First, understand that President Obama doesn't even need to participate in negotiations over extending the Bush tax breaks, because he can just let them expire and achieve a big progressive victory by restoring Clinton-era taxation on the highest earning taxpayers. But, call it Post-Election Obama Retreat I, or more of the same, now Obama aides tell Mike Allen this morning that, for families with $250K to $1 million annual income, they hope to make permanent the Bush tax breaks (which cut top earners' income taxes from 36% from 39% (except for capital gains income, which is taxed at only 15%!)). The plan is to re-define 'middle class' up, way up:
An income of $250,000 a year "is dead as the dividing line" for distinguishing the middle class in extending the Bush tax cuts, the centerpiece issue of the upcoming lame-duck session of Congress, Democratic aides have said.
Instead, negotiations will begin around a threshold of $500,000 or $1 million, the aides said.
President Barack Obama said this week that he would make a new push to protect the middle class from the tax cuts' scheduled expiration at the end of this year.
The new figures means a broader swath of Americans would be considered "middle class" during the negotiations.
We got the Cat Food (Debt) Commission bipartisanly scheming to chop into Social Security. We got 9.6% official unemployment, 17.1% real unemployment, record inequality that's getting rapidly worse, and record mortgage defaults. But hey, don't worry, we got President Hope looking out for the $250K to $1 million income earners!
Here were the income dividing lines family/household income brackets in 2007, the latest I can find clear data for (this PDF at p. 7): Top 1%: over $398,900; Top 5%: over $155,400; Top 10%: over $109,600. Looking at that, Obama aides have magically decided that 'middle class' now extends all the way to the edge of the top 0.5%? What planet, actually I know what planet they live on, Planet Campaign Donations.
Here's Robert Reich a few days before the election:
... income in America is now more concentrated in fewer hands than it has been in 80 years. Almost a quarter of total income generated in the United States is going to the top 1 percent of Americans.

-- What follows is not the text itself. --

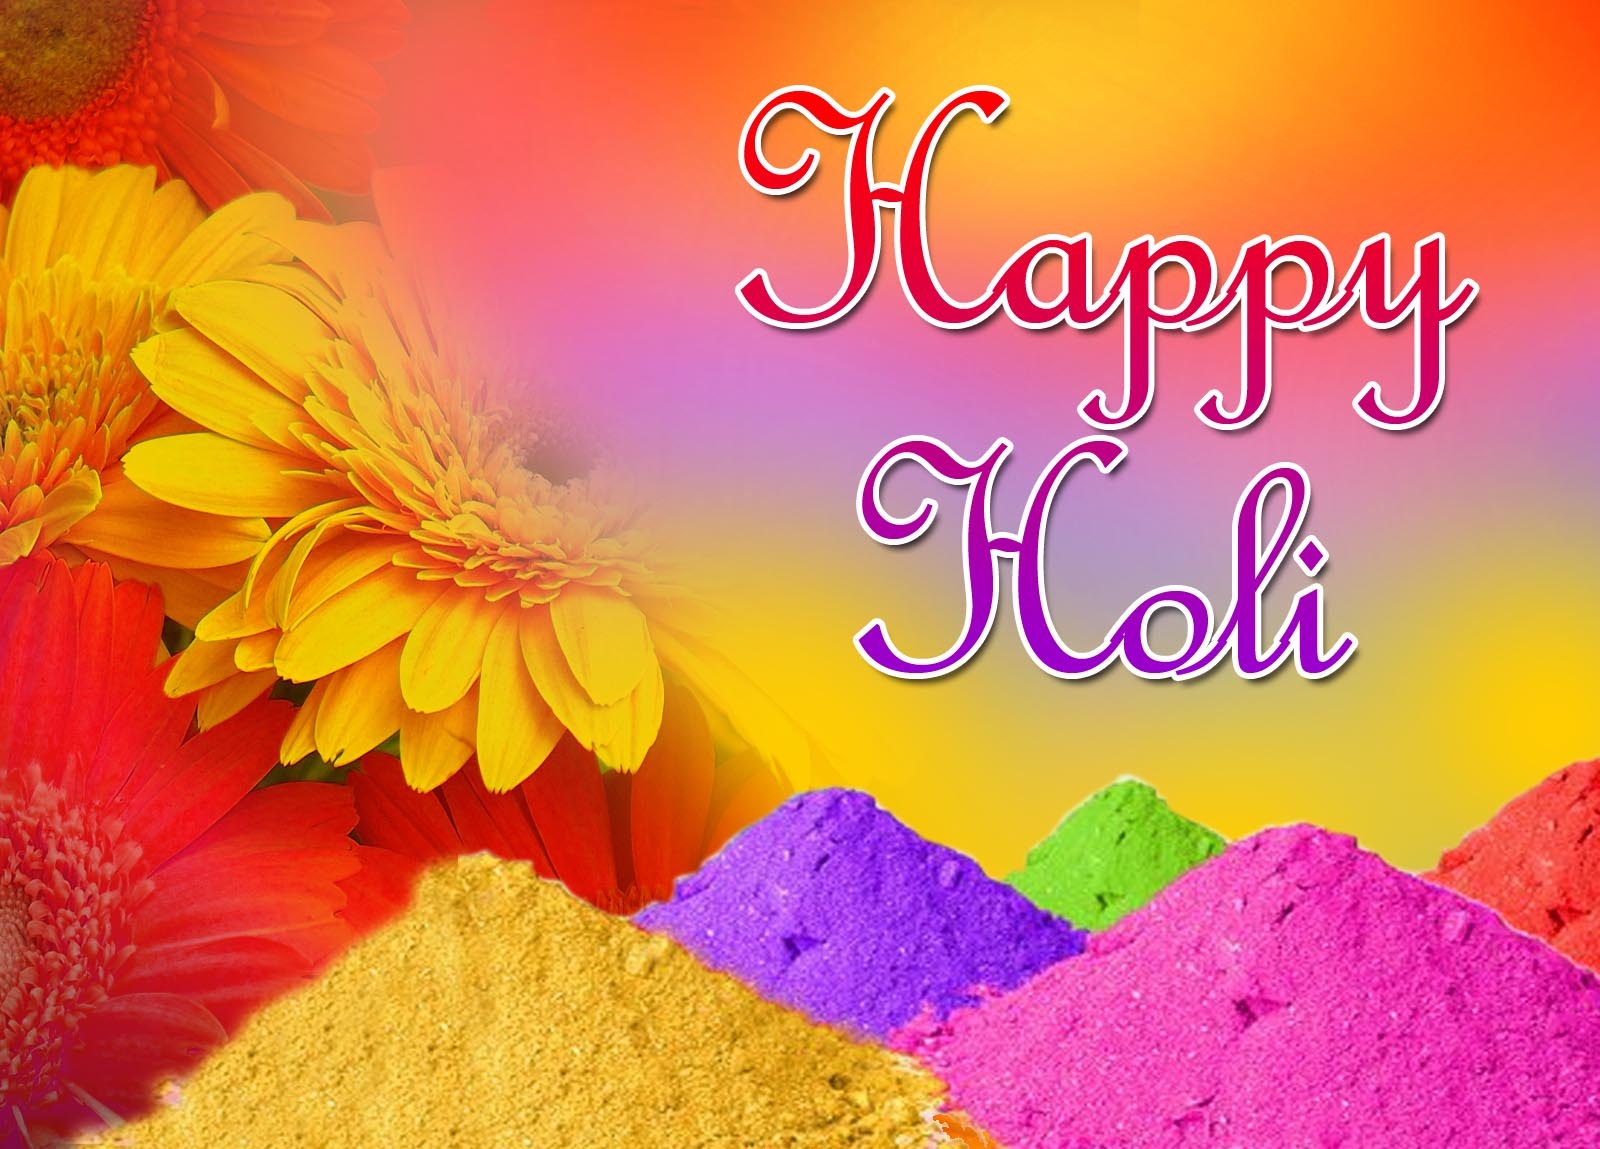 Happy Holi Wishes Cards Greetings Cards And Images Pictures Happy Holi

The top one-tenth of 1 percent of Americans now earn as much as the bottom 120 million of us. ...
Most Americans are in trouble. Their jobs, incomes, savings and even homes are on the line. They need a government that's working for them, not for the privileged and the powerful.Yet their state and local taxes are rising. And their services are being cut. Teachers and firefighters are being laid off. The roads and bridges they count on are crumbling, pipelines are leaking, schools are dilapidated, and public libraries are being shut.

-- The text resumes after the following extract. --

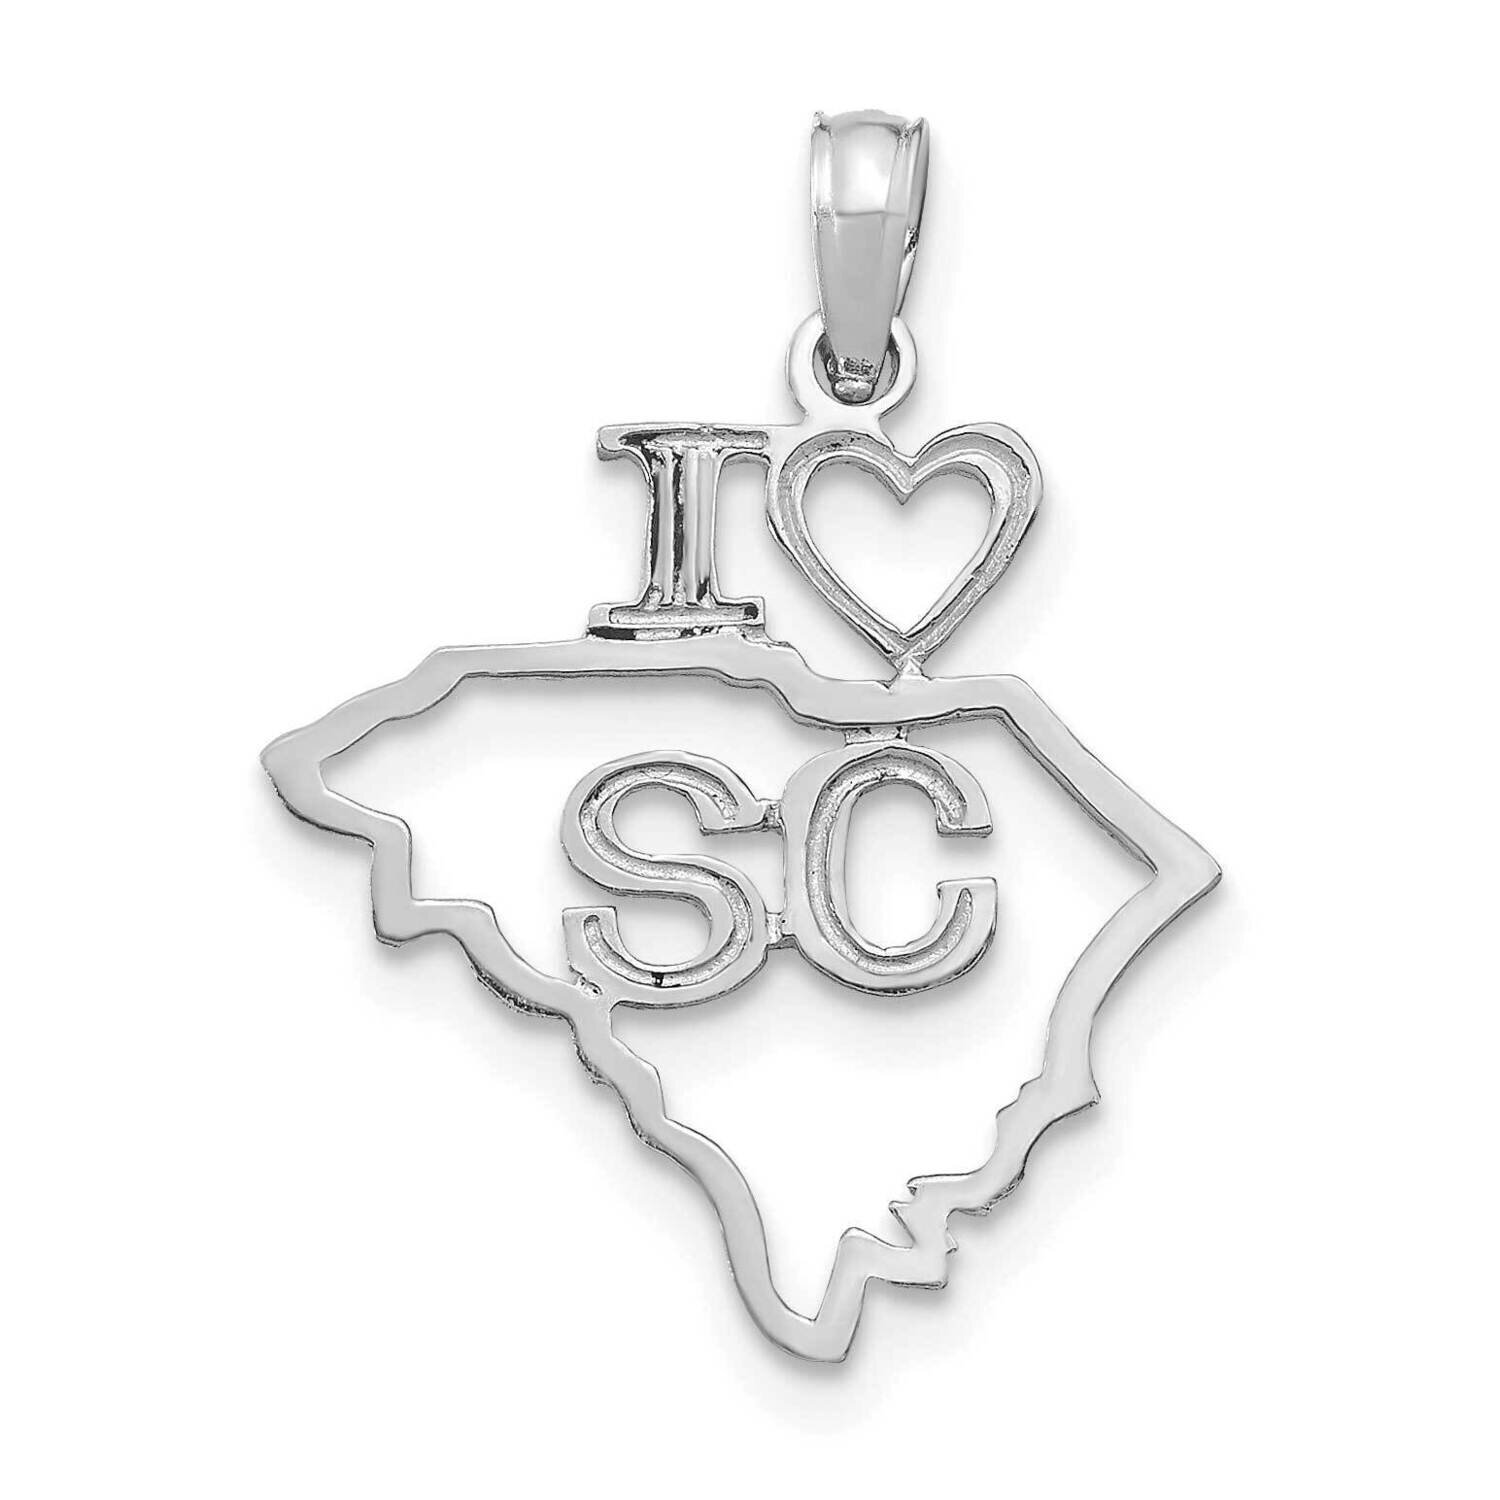 South Carolina State Pendant 14k White Gold Solid D1187W

There's no jobs bill to speak of. No WPA to hire those who can't find jobs in the private sector. Unemployment insurance doesn't reach half of the unemployed.

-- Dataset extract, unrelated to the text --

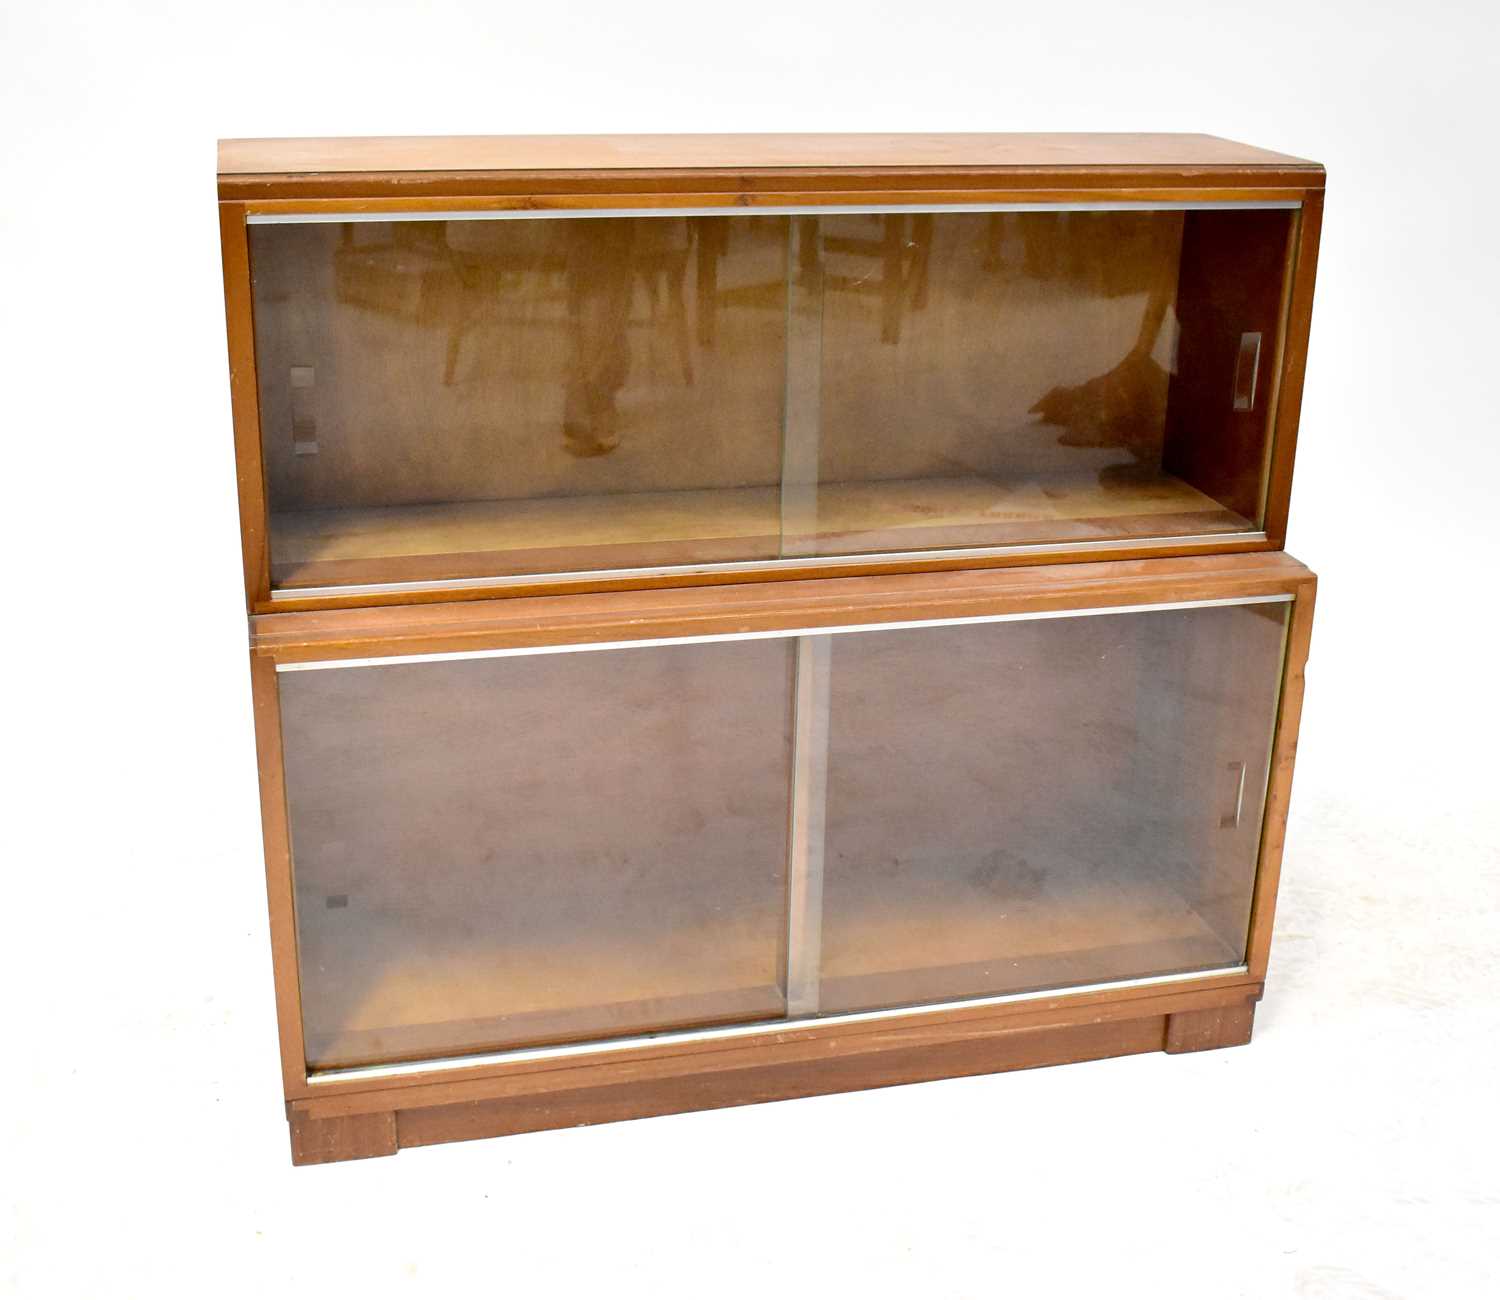 A two-section stacking bookcase with sliding glass doors, height 80cm, length 89cm, width of top

Washington says nothing can be done. There's no money left.
No money? The marginal income tax rate on the very rich is the lowest it has been in more than 80 years. ...
Yeah, say it Robert! But then you didn't have to go the day after the election and capitulate, though I can't say I didn't expect the following from a conventional thinking loyalist:
Extend the Bush tax cut to the bottom 99 percent, but not the top 1 percent
So far, President Obama has resisted extending the Bush tax cut to the wealthiest 2 percent. Given the post-midterms realities, he should compromise on 1 percent.
But why compromise when the 'bad guys' need a veto-proof majority to get their regressive tax bill through, especially at the end of three decades and counting of mass shoveling of the bottom 80%'s wealth to the rich? And looks like Obama has done you one better, Robert, deciding also to save those impoverished folks making more than 99.0% of us but less than the top 0.5%. Oh well, forget Robert, say it Timothy Noah:
All my life I've heard Latin America described as a failed society (or collection of failed societies) because of its grotesque maldistribution of wealth. Peasants in rags beg for food outside the high walls of opulent villas, and so on. But according to the Central Intelligence Agency (whose patriotism I hesitate to question), income distribution in the United States is more unequal than in Guyana, Nicaragua, and Venezuela, and roughly on par with Uruguay, Argentina, and Ecuador. Income inequality is actually declining in Latin America even as it continues to increase in the United States. Economically speaking, the richest nation on earth is starting to resemble a banana republic.
It's just gonna get louder and louder: VIABLE 2012 CHALLENGE. Please!? (But note that Howard Dean in the preceding link also marks the uncrossable line at $1 million, showing he also lives on Planet Campaign Donations.)